[erlang-questions] benchmarks game harsh criticism (was Learning Erlang from the scratch)
Fri Nov 23 16:16:32 CET 2007
well actually i have been trying to say that it would be nice to use the
really large infrastructure of the shootout to see where different
languages, relative to each other, leave the straight and narrow. speed
is just a indication (ie when the speed stops being linear (or whatever
it used to be) and starts being chaotic) of these limits.
Those were the days...
EPO guidelines 1978: "If the contribution to the known art resides
solely in a computer program then the subject matter is not
patentable in whatever manner it may be presented in the claims."
On 11/23/07 15:57, Joe Armstrong wrote:
> I've been following various discussions about benchmarks, and must say
> that I am not impressed.
> The general arguments seems to go like this:
> language A is good at X
> language B is good at Y
> language B is bad at X
> Therefore hack language B so that it is good at X
> This argument has appeared many times with different values of A B
> X and Y - usually by a proponent of
> A who because A solves X better than B assumes that A is in some sense
> better than B.
> The problem is that this argument is just plain daft.

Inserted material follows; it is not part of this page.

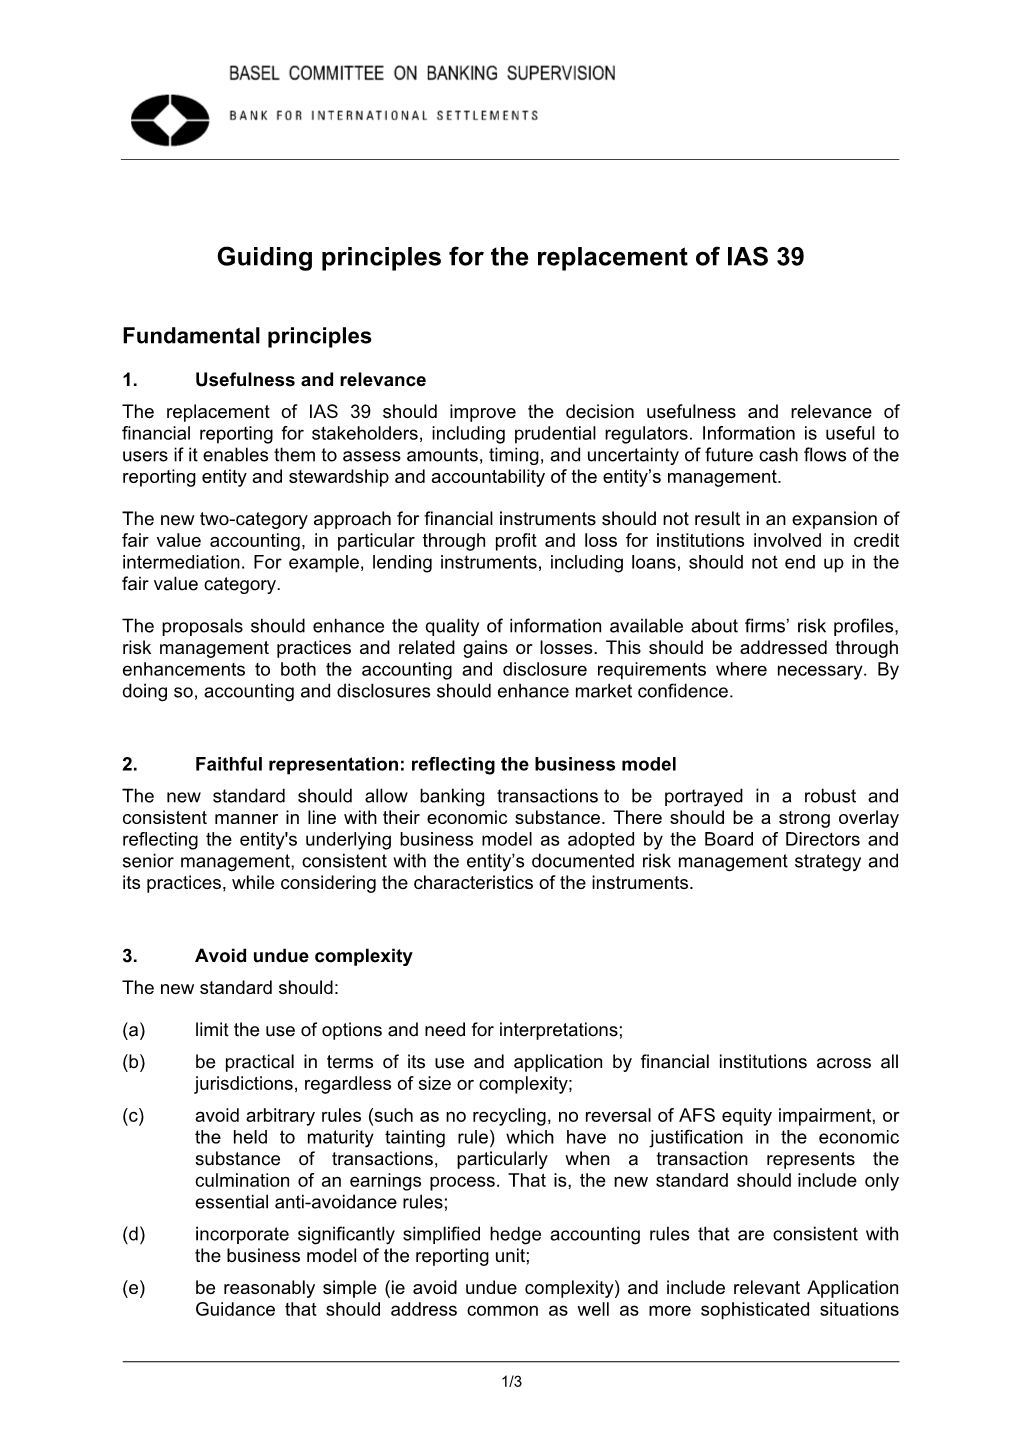 Guiding Principles for the Replacement of IAS 39, August 2009
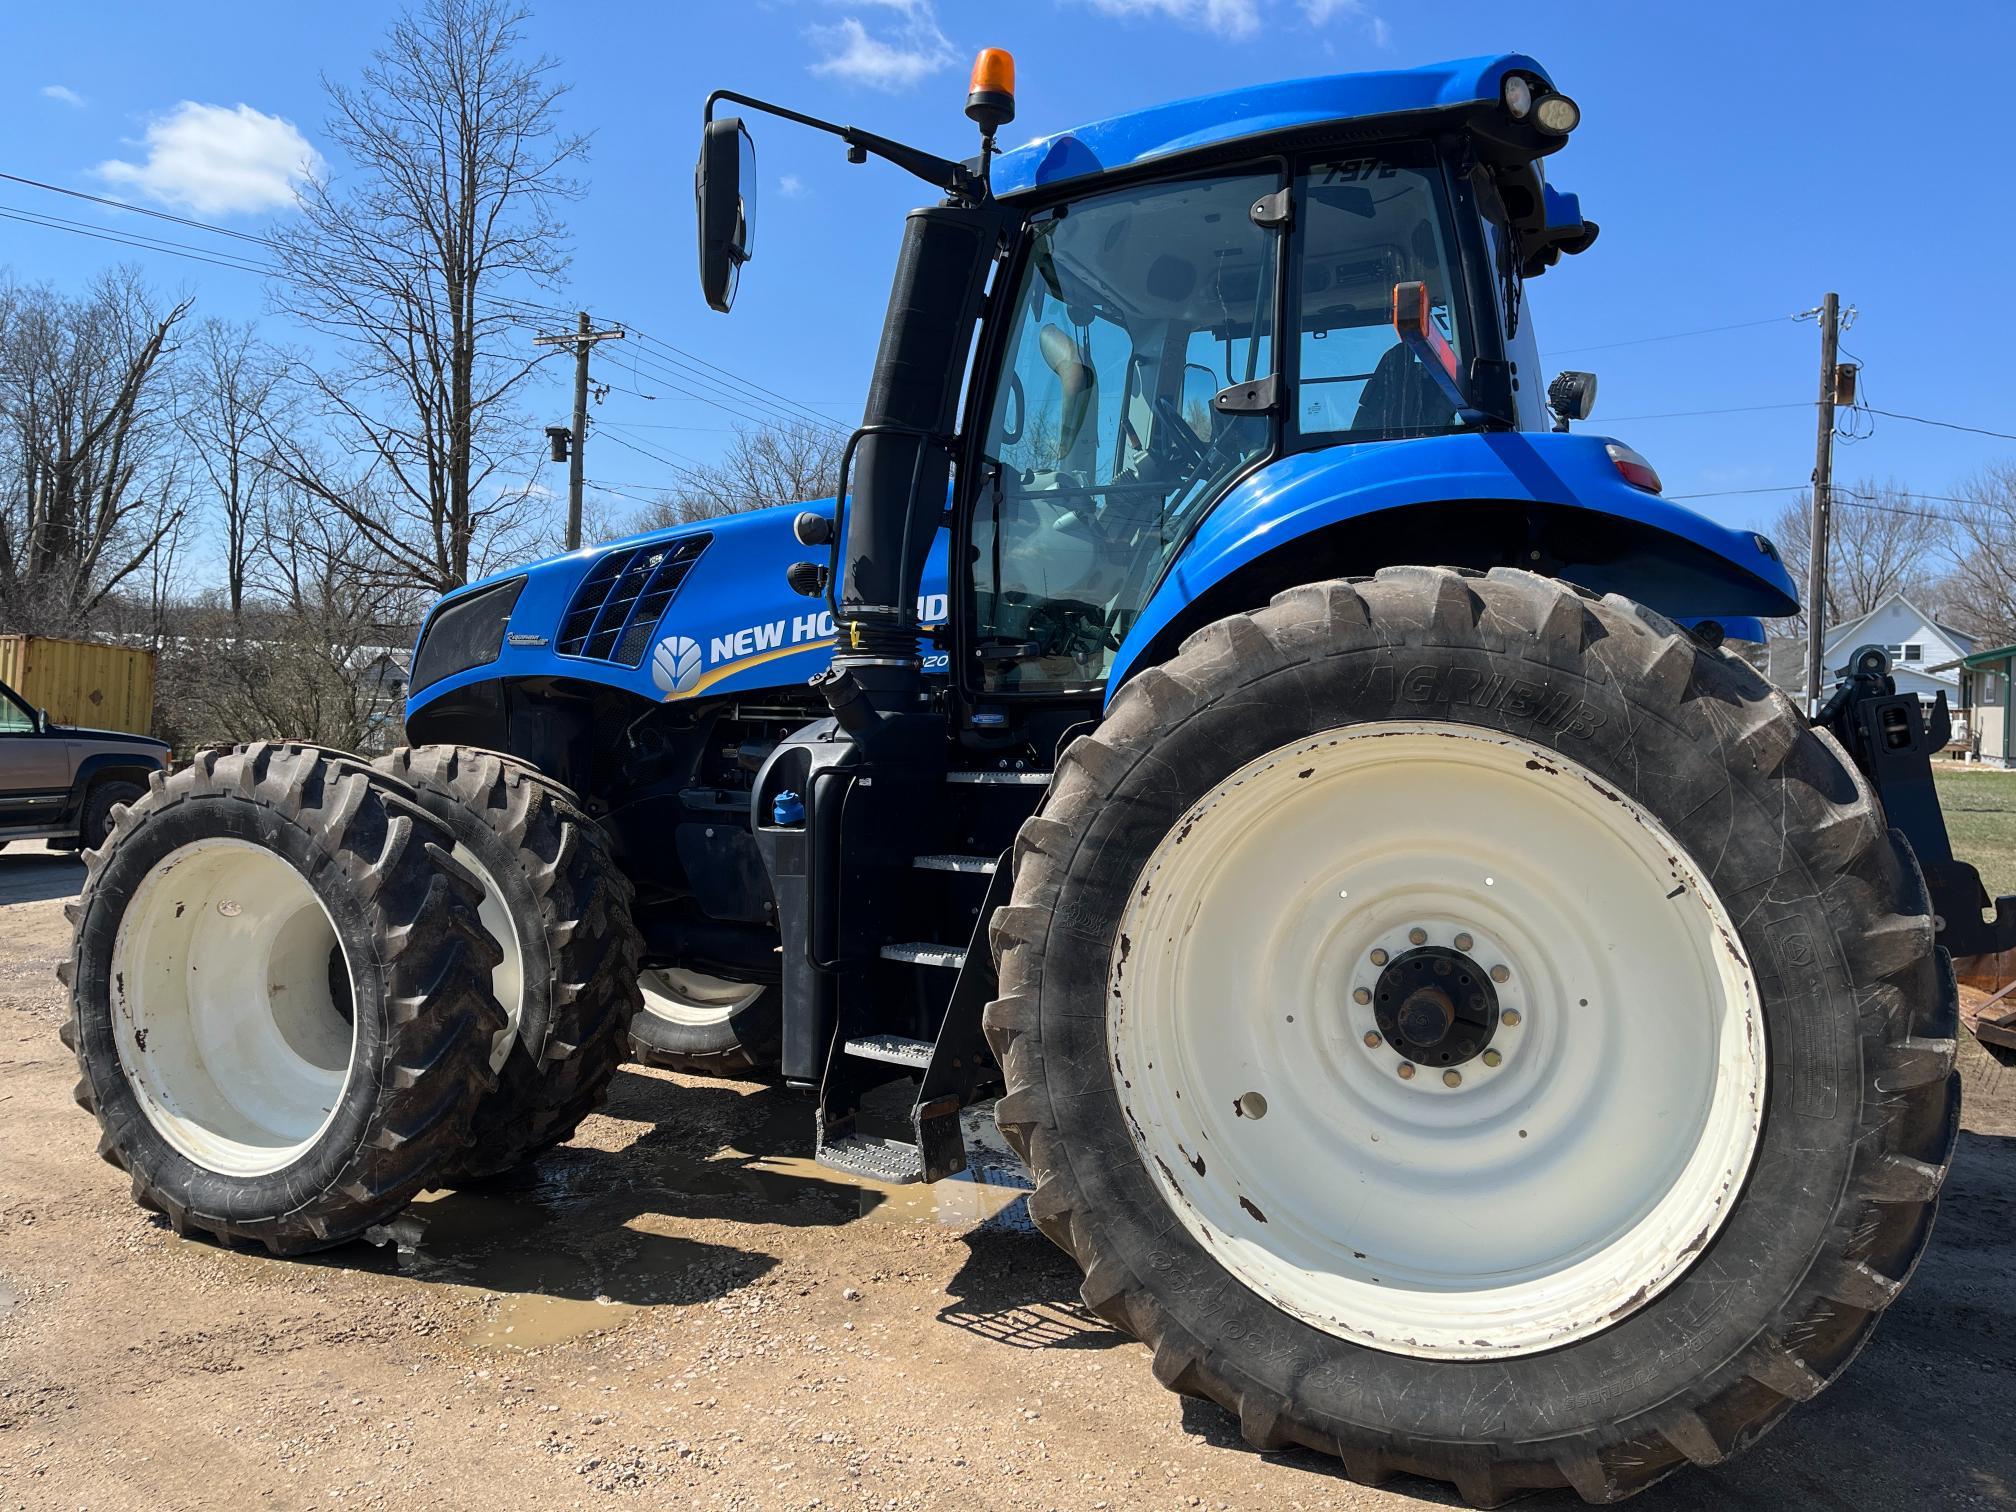 New Holland T8.320 Tractor

> If A is good at solving X then use it to solve X. If B is good at
> solving Y then use it to solve Y.
> Suppose we change B to make it good at solving X, what have we done? - make
> yet another variant of A.
> In changing B to be good at solving X it might no longer be good
> at solving Y.
> So sure we could make Erlang a lot faster - for example to make
> regexps really fast all we have to do
> is link the C code for regexps into the Erlang kernel - but it would
> no longer be safe. We could make all
> function calls go a lot faster, but we could no longer change code on-the-fly.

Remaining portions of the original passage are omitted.